The Crucible, Arthur Miller, and Communism, part I

Examination of a Witch - Matteson
            The Crucible, written in 1953 by American playwright Arthur Miller, is aptly named for the characters that undergo a test or an ordeal.  It is set during the Salem Witch Trials of 1692, a notorious piece of early American history in which a village in Massachusetts becomes an environment for ignorance, suspicion, and paranoia. 

            It started with an unsettled atmosphere of the community among neighbors and deepened when three young girls began acting strangely.  The illiteracy of some thought it was the work of the Devil, and before long, many innocent people were accused of doing the Devil’s work.   In a year’s time, 200 people were tried and 20 were executed. 

            One of the immediate questions I have when I read a book is “Why does the author think the way he does?”  I want to know all about him.  

Arthur Miller
            Arthur Miller was born in New York, 1915, to affluent Polish Jewish immigrants.   One of his most significant life changing experiences was during the Great Depression because his family lost everything.  He became disillusioned, and like many, he questioned the efforts of capitalism and was open to other solutions to economic and social ills.  About this time, he realized he was not interested in religion.  In addition, he was subjected to anti-Semitism, and his opinions about Christians, especially Catholics, soured.
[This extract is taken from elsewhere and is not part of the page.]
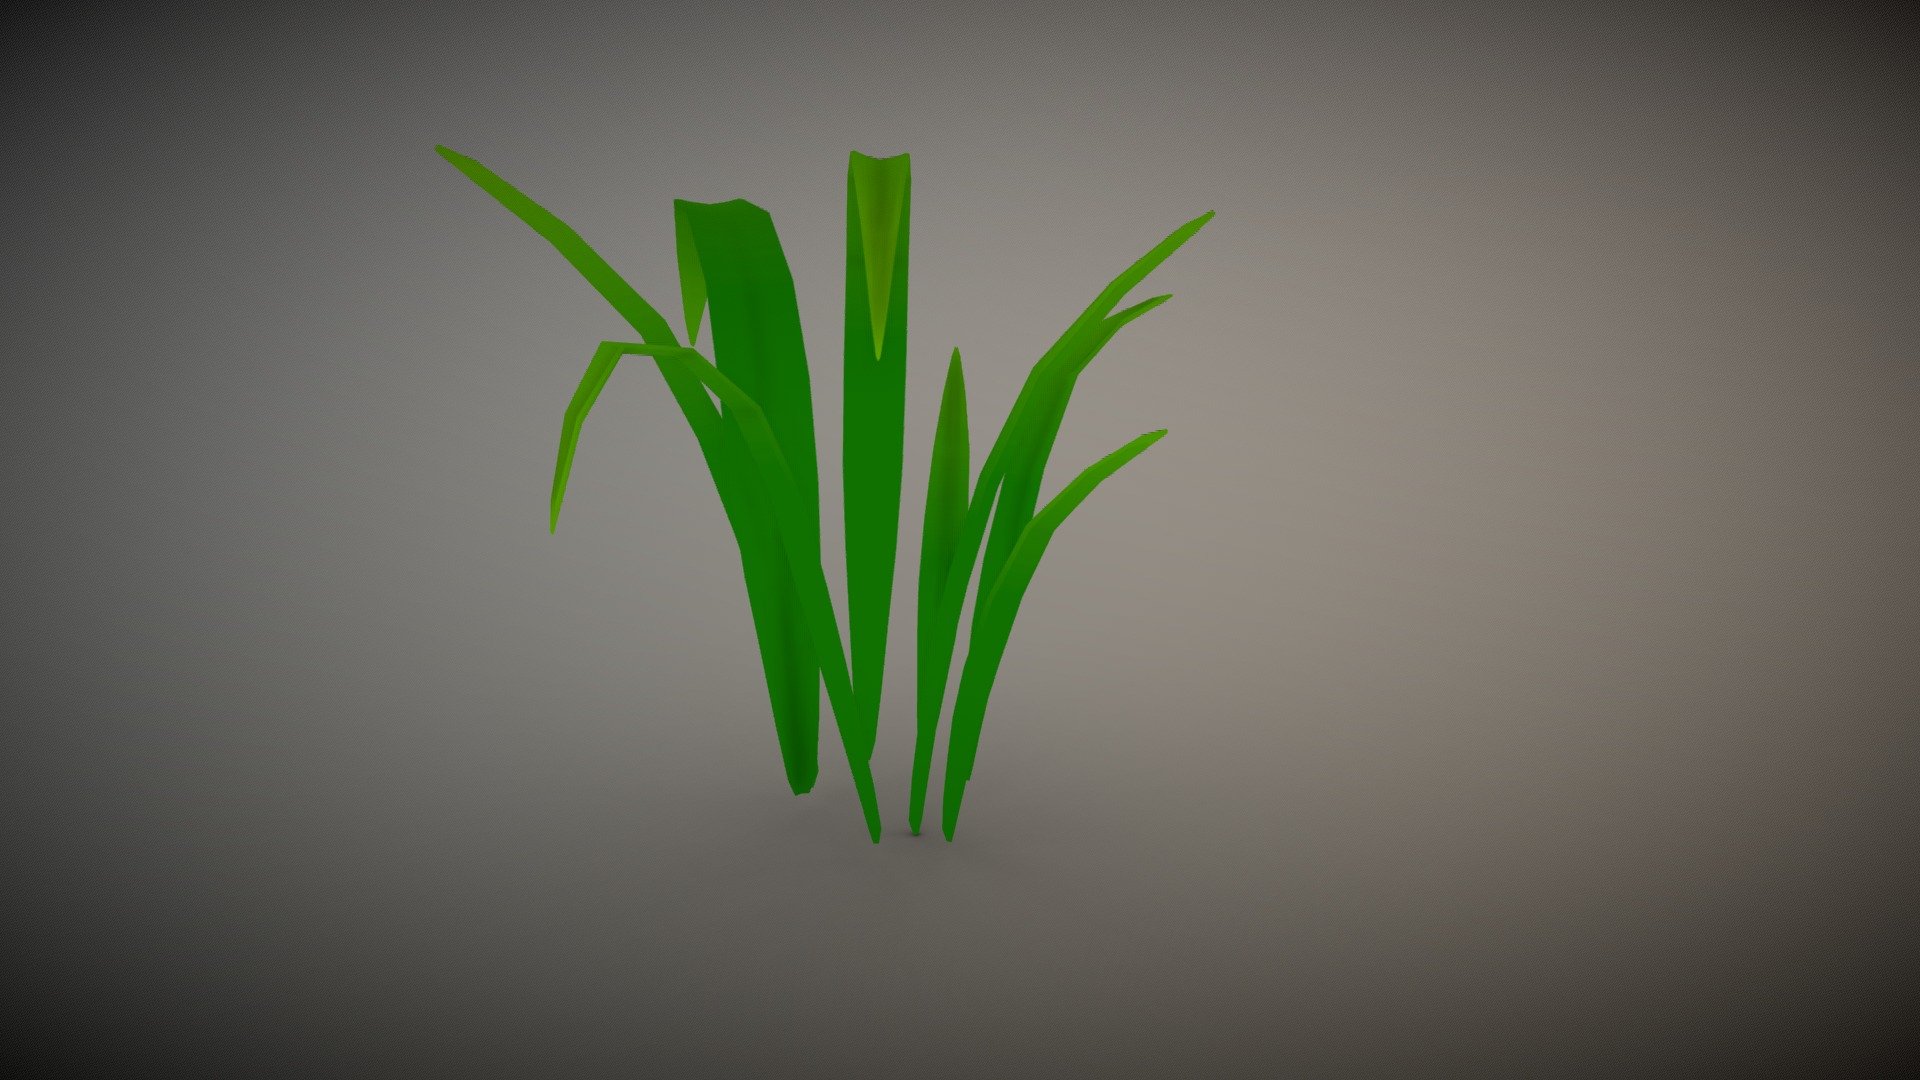 This is a 3D modeled grass clump asset that I created in Maya. The diffuse color map is a green gradient created in Photoshop. The angle of the grass blades make for easily covering small to medium areas. This asset is also modular and can be used in various different environmental situations 3d model

            At some point, Miller was exposed to Marxism and Communism and may have believed that both were more effective in dealing with social and economic challenges.  Miller was drawn to this, and for several years worked under a pseudo name, Matt Wayne, for the New Masses, an American Marxist publication for theater critics whose editors proclaimed Communist/Marxist loyalty.

Senator Joe McCarthy 
            In the early 1950s, Senator Joe McCarthy of Wisconsin began the interrogation of suspected Communist sympathizers or party members within the U.S. government, and eventually it included writers, actors, and others being called to give an account for their associations. 

            Soon after, Miller wrote The Crucible, “…motivated in some great part by the paralysis that had set in among many liberals who, despite their discomfort with the inquisitors' violations of civil rights, were fearful, and with good reason, of being identified as covert Communists if they should protest too strongly.”  He was significantly affected by the trepidation of his colleagues should they be exposed for association with Communists or accused of harboring the “wrong ideas.” 

            Then, in 1956, Miller was called before the House of Un-American Activities Committee, which was formed in the 1930s to search out anti-American propaganda.  He denied membership with the American Communist Party and refused to provide names of anyone who may have been affiliated with the Party.  He was found guilty of contempt of Congress and was blacklisted.  Later, he was cleared of all charges.